Надо отметить, что полный текст коляды исполнялся только «березой», остальные колядники пели припев (типа: «Ой дай Боже!») или подхватывали последние слова каждой строки. Вместе с тем, внутри ритуального «табора» выделялась особая группа, которая в исполнении коляд принимала сравнительно меньшее участие — это плясуны. Их особая функция в обходе отражена и на уровне народной терминологии: одну часть группы колядующих называют «кольядники», то есть исполнители коляд, а другую — «пльисанники», то есть плясуны. Только в том случае, если плясунов не подбирали, эту роль мог взять на себя один из колядников.

По всей вероятности, плясунами чаще всего становились парни. На Гуцульщине на «молодецкий статус» этого персонажа в ритуале колядования указывал такой его непременный атрибут как топорец. На обязательность этого предмета для принятия парня в качестве плясуна в группу колядников писал В. Шухевичccxvi. Являясь в прошлом оружием, а уже к середине XIX в. символом молодечества и полноценного мужского статуса, топорец отмечал плясуна в коляде как представителя священного воинства.

Среди обязанностей этой группы было выплясывание во время обхода церкви, перед началом колядования на подходе к каждому дому, танец в доме после окончания пения коляд (танцевали за вознаграждение сначала перед девушками на выданье, а затем перед каждым членом семьи), а главное — исполнение традиционного мужского танца — «коло» («кругляка») вокруг хозяев на дворе под пение благопожеланий в благодарность за дары, а также на месте летнего расположения пасеки возле дома. Последний случай особенно хорошо демонстрирует ритуальную функцию парней — плясунов.

Плясуны становились в круг на месте пасеки. Танец начинался с того, что они все вместе приседали, и каждый делал на земле перед собой крест «барткой» — маленьким топориком, навершием трости — топорца.
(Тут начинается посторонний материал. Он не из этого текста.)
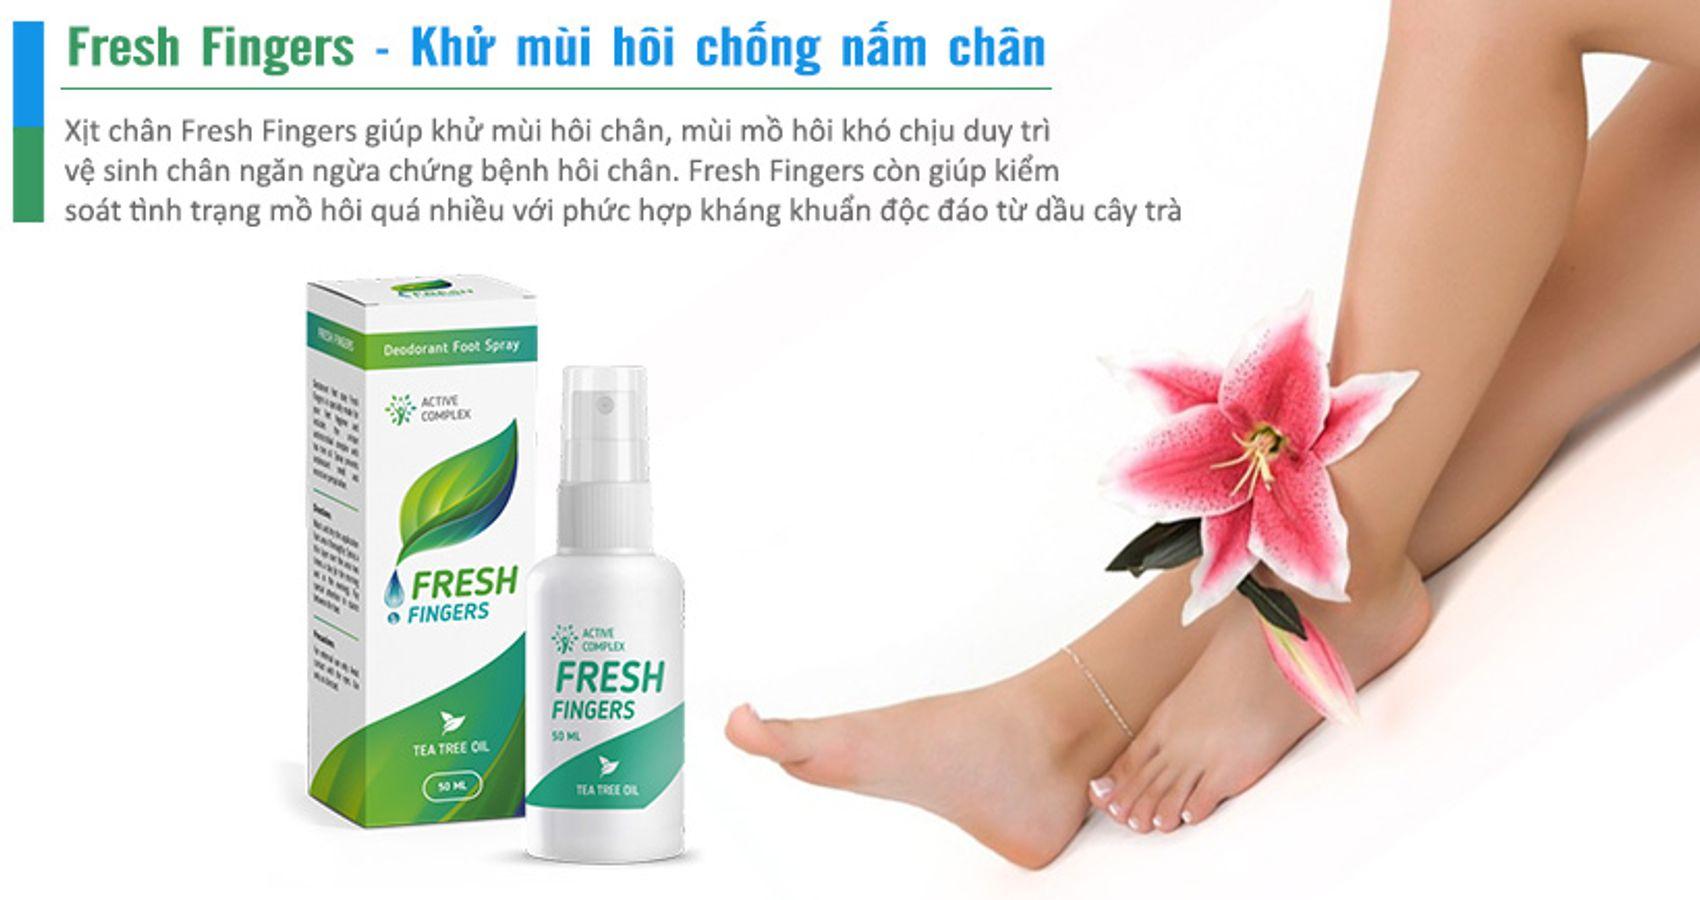 Xịt Khử Mùi Hôi Chân, Chống Nấm Fresh Fingers

Затем топорцы складывали «бартками» к центру, куда поверх топориков в одну кучу кидали шапки. Поднявшись, плясуны брались за плечи друг друга и крутились по ходу солнца, распевая веселую песню, по форме и стилю отличную от предшествовавших коляд. В завершении танца они вновь чертили топорцами кресты, при этом хозяйка из передника обсыпала их шапки пшеницей. Зерно тут же ссыпали ей обратно в передник, при этом считалось, что оно уже приобрело свойство благотворно влиять на плодовитость пчел. По представлениям гуцулов, этот ритуал проводили, чтобы пчелиный рой не мог улететь летом к другому хозяинуccxvii.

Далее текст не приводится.